The mind is the faculty of thinking and planning. Man does what he does deliberately out of his mind. The animal has a mind as well. Yet the animal is no rational and moral creature. The animal with its mind lives out of its instincts. Man with his mind lives out of that mind. The mind is closely related to the will. With the will man chooses what the mind presents to it as good. The mind is in turn informed by the heart. Out of the heart are all the issues of life. The heart is that faculty in which man loves. He lives out of what he loves. What he loves in his heart, he decides with his mind that it is good, and with his will he chooses that which the mind says is good. As such a rational and moral creature, man is the reflection of God, his creator.

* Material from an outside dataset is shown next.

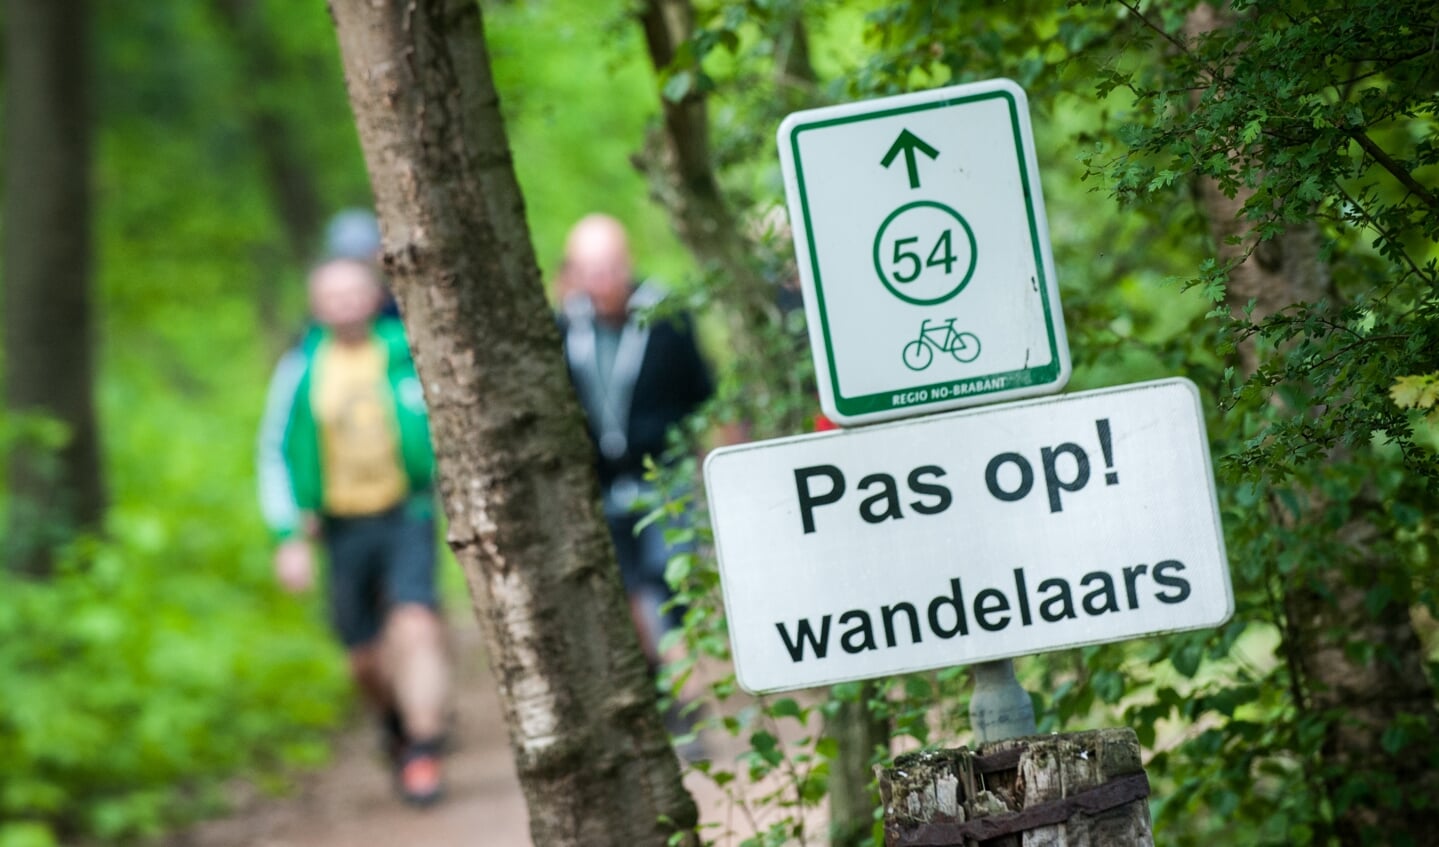 Wandeltocht '80 Land van Cuijk' houdt op met bestaan, tot verdriet van de organisatie en vele wandelaars. (Foto: Arjan Broekmans).

And mystery of mysteries, we have laid before us the mind of God. Oh, yes, the apostle says that this mind was in Christ Jesus. In Christ Jesus, in his incarnation, in all his words and works, and especially in his cross, we see a mind at work. Yet it may not be forgotten that the person of Christ is the person of the Son of God. The mind of Christ is the mind of God. Indeed, it is the mind of the eternal Son, the second person of the Trinity. It is the mind of the one who is God of God and Light of Light; he is coequal and coeternal with the Father and the Holy Spirit. Christ is eternally begotten, not made. In his mind with the Father and the Spirit, Christ planned and determined all things from eternity. He is worthy of all honor and praise. He is God, and he has all the prerogatives of God. The mighty angels cover their faces with their wings before Christ. He is the one who occupies the sapphire throne and by whose command the world was created and is sustained from moment to moment.

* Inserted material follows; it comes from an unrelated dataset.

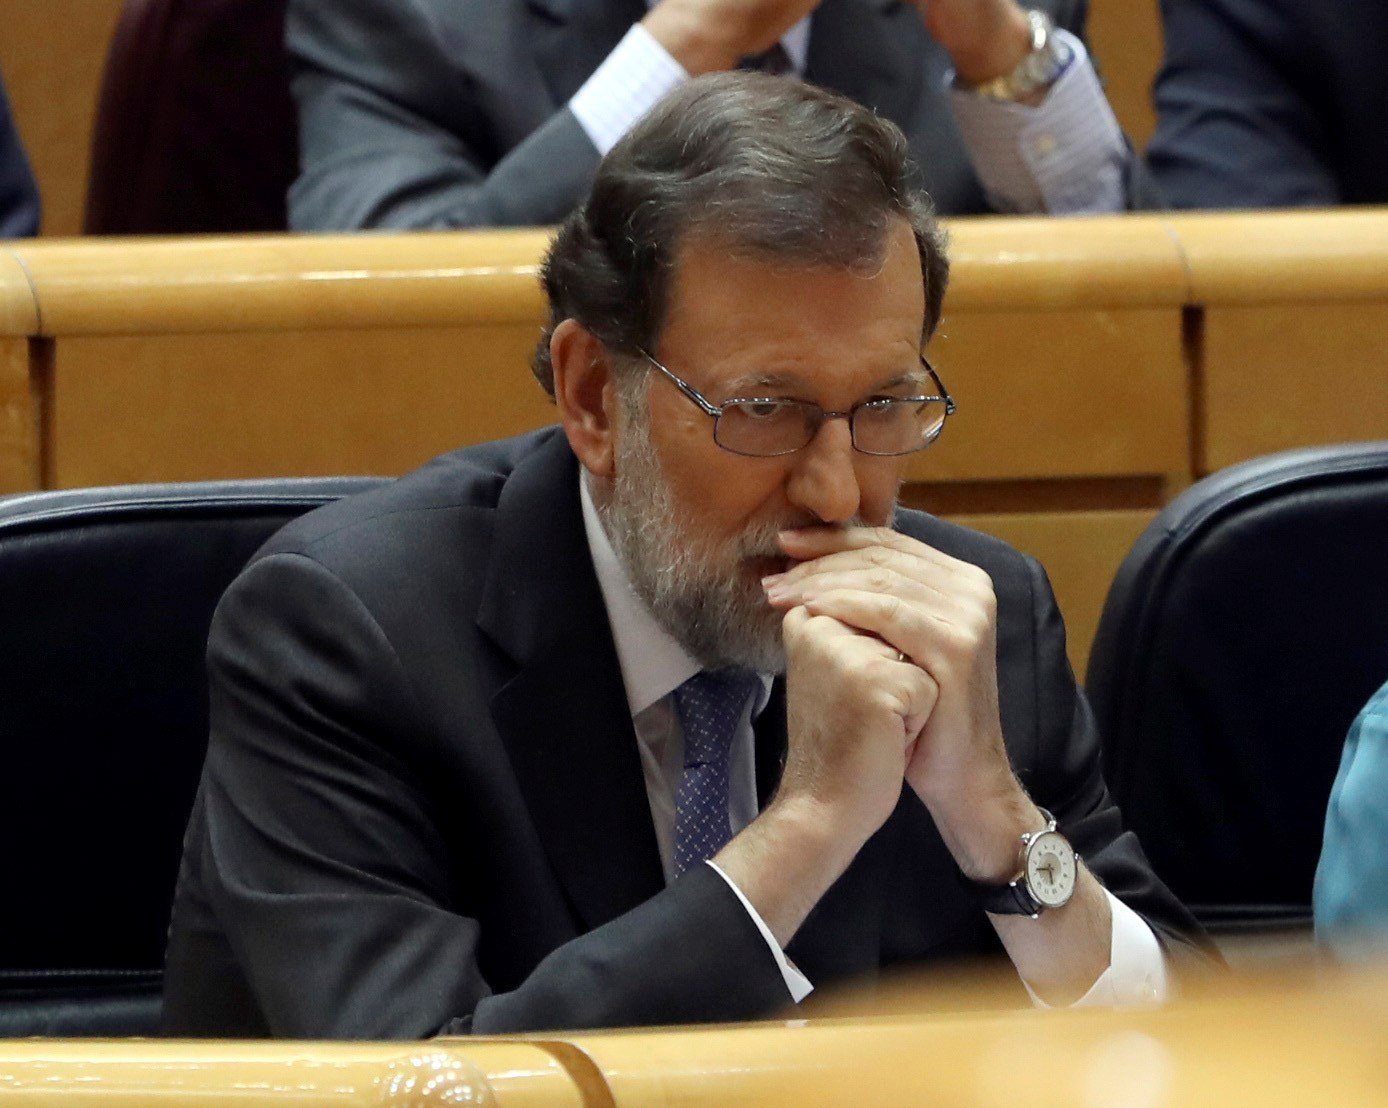 Rajoy valora el "seny" de la manifestación y obvia los incidentes

And that sapphire throne Christ exchanged for a stable floor. He did not suppose in his mind that his honor as God was a thing to be held onto. Christ looked not on his own things—his glory, honor, and prerogatives. But Christ looked on the things of others—our terrible plight as damnworthy sinners without God and without hope in the world. He made himself of no reputation. Christ took on himself the form of a servant. He entered the darkness of our night of sin and death. He became a man, and he humbled himself to the bitter and shameful death of the cross. How can we even begin to grasp the love, the grace, and the mercy that filled that beautiful mind, the very mind of God? Christ’s thoughts toward us were thoughts of peace. And to establish peace he became nothing for us.

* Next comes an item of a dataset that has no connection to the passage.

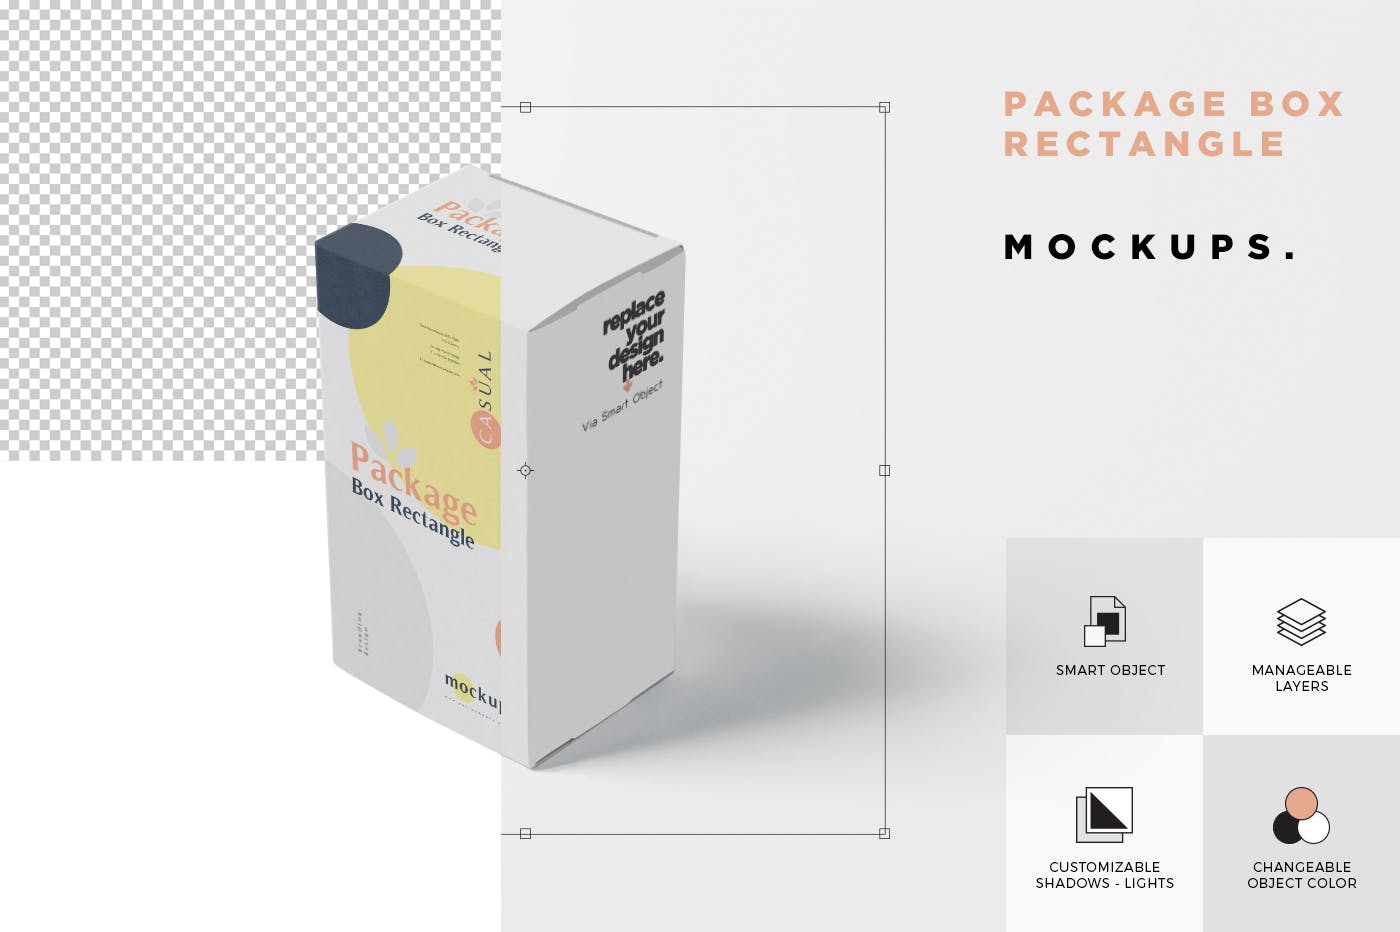 矩形产品包装盒外观设计效果图样机 Package Box Mock-Up – Rectangle插图(6)

Let that mind be in you. Your mind is as ugly as Christ’s mind is beautiful. No, you cannot attain that mind for yourself. He must give it to you. The one with that beautiful mind must lay hold on you. He must change your mind and make it like his mind. Then you begin to live out of that mind and not out of your own selfish mind that seeks only your own things. When you begin to look on the things of others, then that is the work of the mind of Christ in you. And it is beautiful.